学習院、「ネットブート型」シンクライアント1700台を採用:国内最大規模の導入に
学校法人学習院は、学生向けクライアントPCをシンクライアント端末に入れ替え、4月1日から運用を開始した。ネットブート型のシンクライアントを採用したことで、メンテナンスの省力化や情報漏えいの防止が見込めるという。
学校法人学習院は、学生向けのクライアントPCにシンクライアント端末約1700台を導入し、4月1日から運用を開始している。シンクライアントを提供したNTTデータが4月14日に発表した。
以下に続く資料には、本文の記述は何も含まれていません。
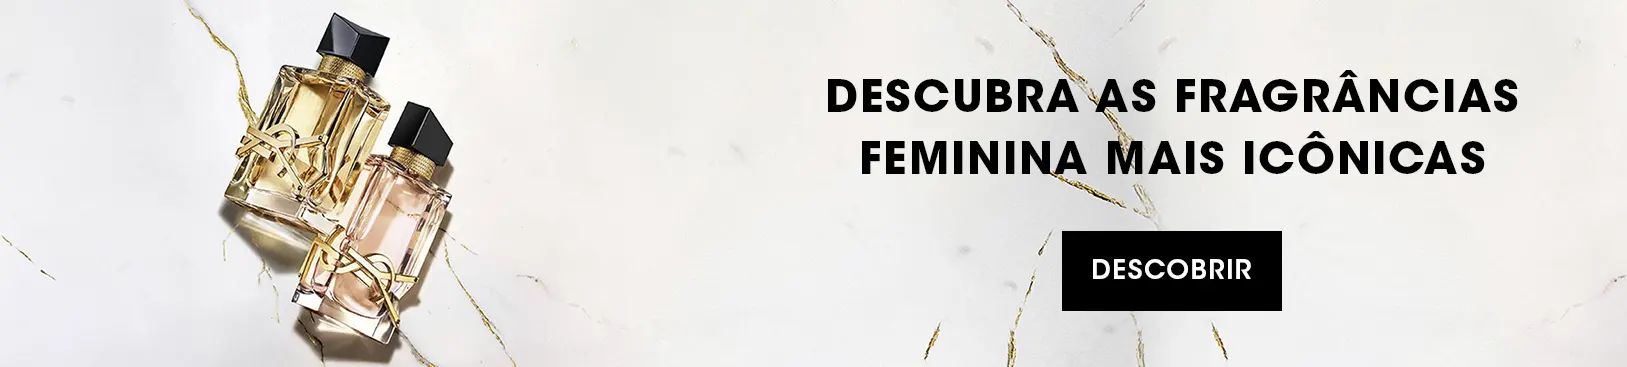 DESCUBRA AS FRAGRÂNCIAS FEMININA MAIS ICÔNICAS

NTTデータが提供するシンクライアント「CoreBoot」を採用した。OSやアプリケーションをLANに接続したiSCSIストレージに集約し、必要に応じてネットワーク経由で起動する「ネットブート型」と呼ぶシンクライアント。端末がCoreBootサーバにアクセスするのは起動時のみで、起動後はiSCSIストレージにアクセスして動作する。複数人が同時に利用した場合でも端末の処理能力が落ちにくいのが特徴だ。
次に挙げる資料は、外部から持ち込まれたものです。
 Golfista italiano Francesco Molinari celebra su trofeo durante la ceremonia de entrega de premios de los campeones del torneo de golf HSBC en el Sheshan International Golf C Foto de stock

1台のクライアント端末でプログラムの更新やセキュリティパッチの適用を実施すれば、すべてのクライアント端末に反映される機能も備える。一部の端末でOSやセキュリティソフトの更新を忘れるといったことが無くなり、運用管理の負担を減らせる。
シンクライアントシステムの動作環境は、CoreBootサーバが2台(冗長化構成のサーバは除く)、iSCSIストレージが8台、クライアント端末が約1700台。システムの構築はネットワンシステムズが担当した。
学習院では、事務職員用とは別に、1990年代前半から学内にPCとインターネット環境を用意し、学生向けに提供していた。インターネットに接続するPCにはセキュリティパッチを適用するなど、メンテナンスが必要だった。また、管理者がネットワーク経由でソフトウェアを配信してアップデートを実施していたが、一部で発生する配信ミスとその修復作業に時間を費やしていた。メンテナンスの省力化とネットワークの強化、情報漏えいの防止を見込んだ学内インフラの再構築を検討し、CoreBootを採用した。
NTTデータによると、ネットブート型のシンクライアントの導入事例としては国内最大規模になるという。